Int Trade Law and Precedent
IMF: To aid in development of international monetary system, to facilitate expansion and balanced growth of international trade - If states cannot repay debts, and no one is willing to lend money, IMF is "lender of last resort". - Loans come with conditionality (loan if you restructure economy in this way liberalizing economy)- not binding
World Bank: International Bank for Reconstruction and Development (World Bank): IO to States, original part of World Bank that lends to developing/ middle income countries International Development Association (IDA) (World Bank): IO to States, least developed country, grants rather than loans or very generous terms International Finance Corporation (IFC) (World Bank): IO to private companies, lending to private companies -World Bank comes out of WW2 immediate aim to rebuild Europe. -After ww2, loans for projects for infrastructure good rates loans, and technical assistance. -Does everything, health, environment. Now a poverty alleviation institution
Both IMF and World Bank have the same member states Treaties are binding but not legally binding not international law Largest states have most votes. US: 16% Not making international law
GATT: mostly just a treaty, not a formal organization -Purpose is to reduce tariff and non-tariff barriers to trade, and increase global trade. -Successful in first three decades - GATT regulated products not services - New states slow down progress MFN Status: "Most favored nation" must give same treatment to all other members. WTO: at the end of the Uruguay Round, restructuring of the GATT. Dispute resolution: compliance starts to be a problem as more types of trade are regulated. So WTO created dispute resolution can file dispute at WTO. WTO sets up meeting with other state and tries to negotiate. If that fails they take the case to a panel. Case is heard and decision made. Decision can be appealed to Appellate Body, which has final say. Doha Round: started in 2001 concerning improving market access to developing states. Involved subsidies. 1 country 1 vote Global trade law has not developed since 2001. - Increased dependence on multilateral and bilateral agreements.

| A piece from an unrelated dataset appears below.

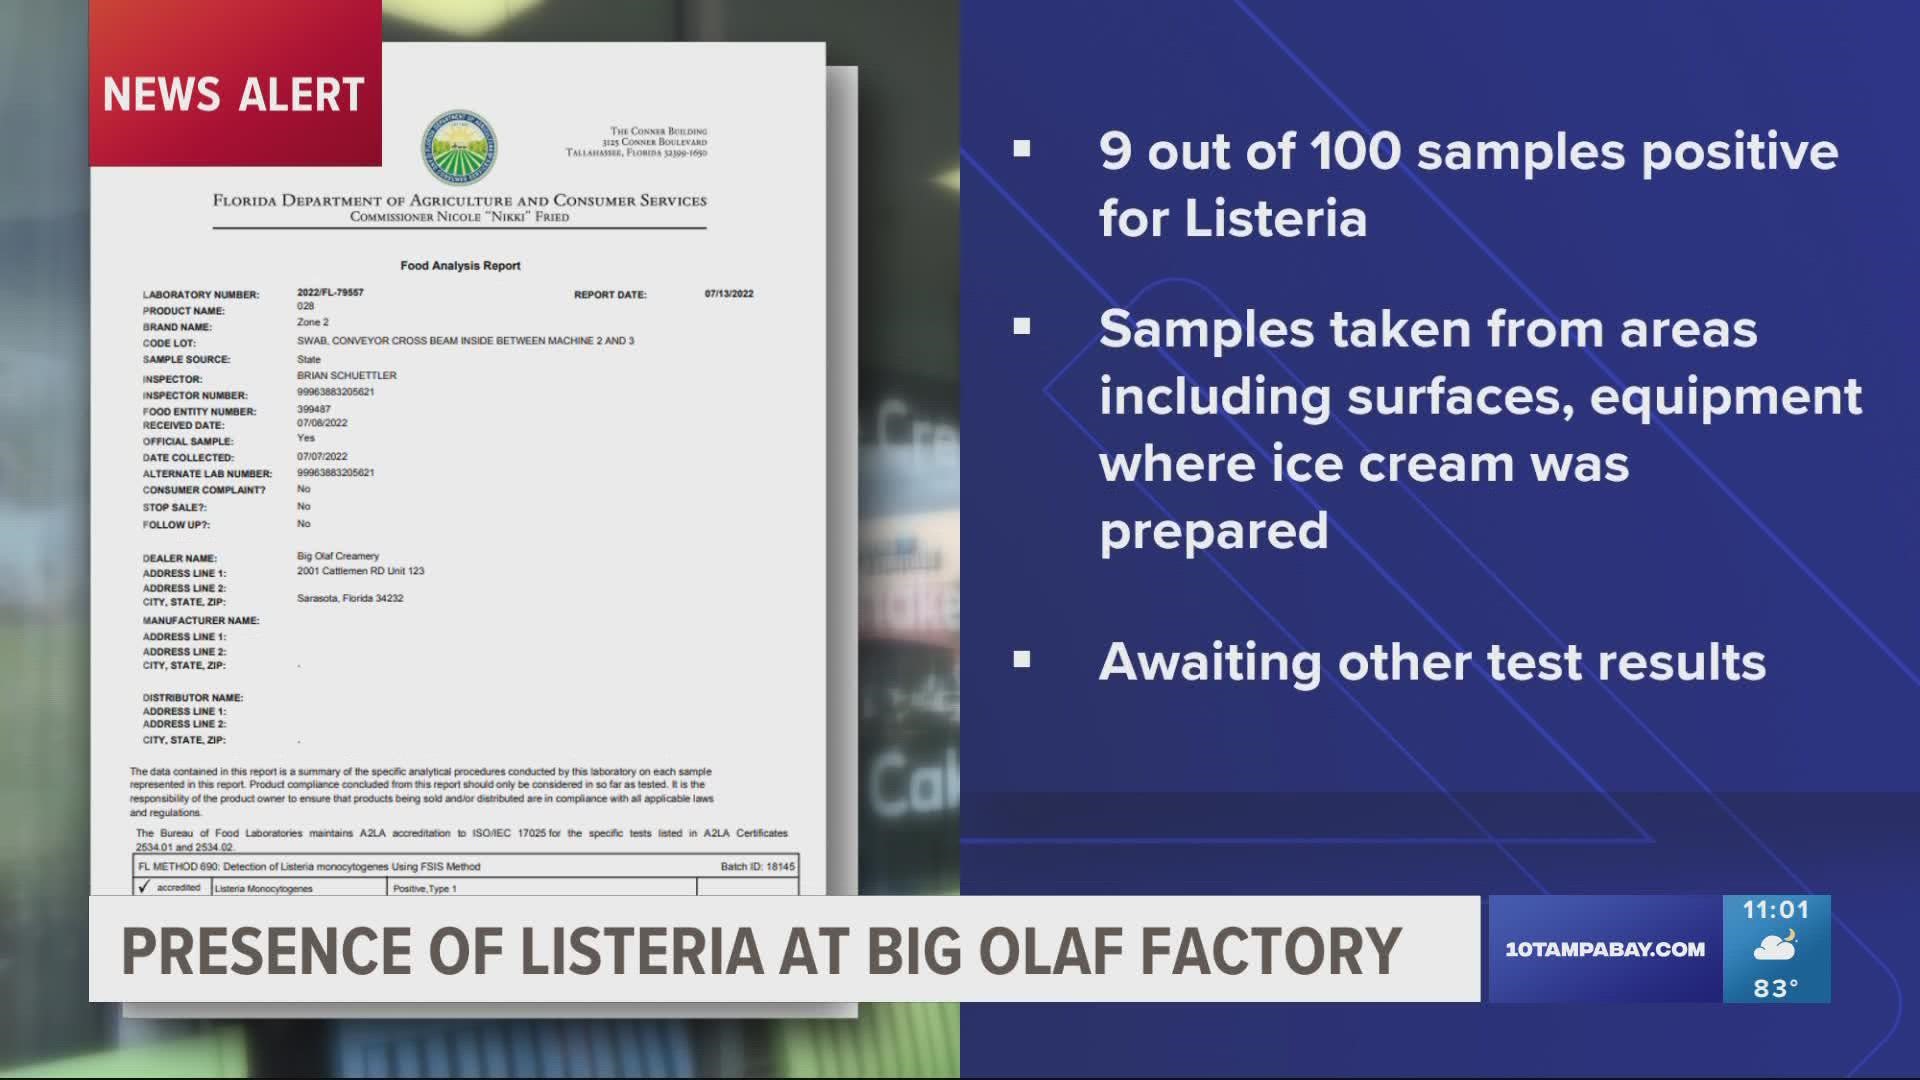 The Florida Department of Agriculture & Consumer Services has issued a stop use order of the equipment where Listeria was found.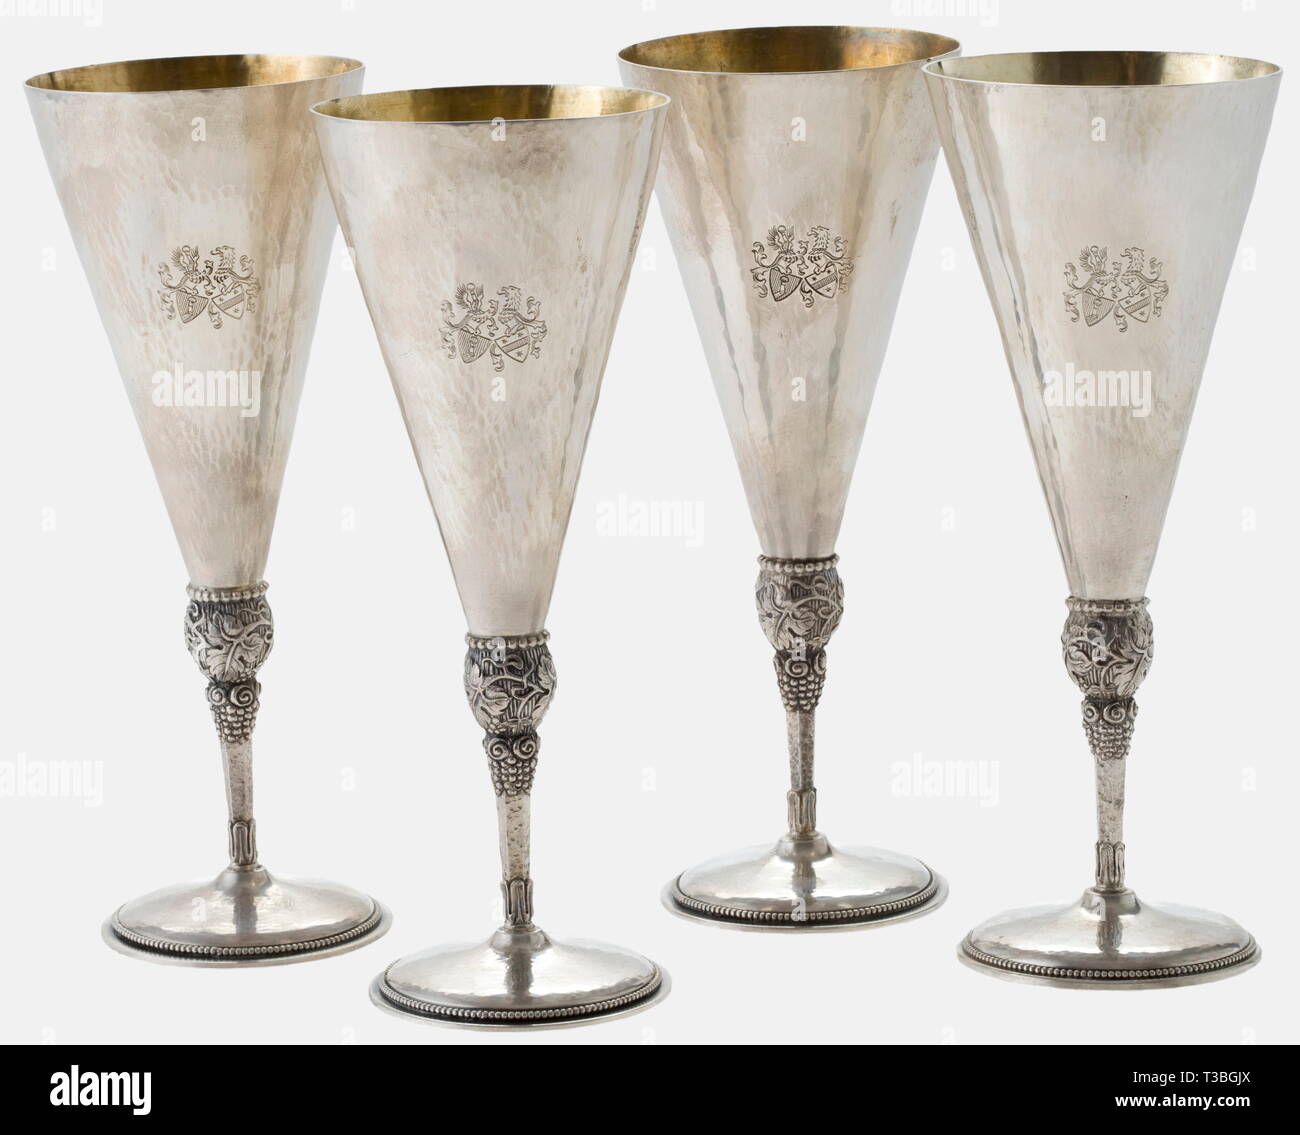 Hermann Göring and Emmy Sonnemann, four silver goblets, wedding gifts for the couple 1935 Hand-hammered silver, gilt interior, the obverse engraved with a alliance coat of arms. The stems with grape and vine leaf decoration in relief, the circular foot with the master's mark 'Kleemann' and hallmark '925'. Height of each goblet 18 cm, weight between 172 and 178 g. historic, historical, 1930s, 20th century, NS, National Socialism, Nazism, Third Reich, German Reich, Germany, German, National Socialist, Nazi, Nazi period, fascism, vessel, vessels, object, objects, stills, clipp, Editorial-Use-Only Stock Photo

Each Round of the GATT is new international law. More trade under GATT rules.
Pelc Article No binding precedent in international law. Precedents could affect many states; it would be problematic to accept it. No formal authority but states still rely on it. Although not legally binding states act as if it is legally binding.
Get case decided in a particular way. Small cases affect larger cases in the future.
Case study of how it worked in European safeguard Safeguards: type of flexibility, escape clause, countries were using this without credible reason for doing so EU not doing safeguards, get frustrates -Bring small case against Korea-Dairy about Powdered milk, and Argentina-Footware, under unforeseen developments - Panels throw out cases, but Appellate Body decides in EU favor - Cases small but later, EU sues US in regards to its steel tariffs. WTO decides in European Unions favor, and US gets rid of tariffs. - This is important because it would not have been accomplished without litigation. Developing international law in way that states alone could not have done it. Despite the lack of formal binding precedent, for all intents and purposes, Europe obtained a rule change through litigation that it could never have obtained through negotiation. What is evident is that despite their commercial insignificance, Korea|Dairy (DS98) and Argentina|Footwear (DS121), have disproportional jurisprudential impact. And it did so in a specific way, by setting the precedent through a series of low commercial value disputes, and then relying on this precedent.
Distributional consequences of power: bigger states start these litigations, largest state pursue more legal action.
International law is brittle: because the powerful states uphold it.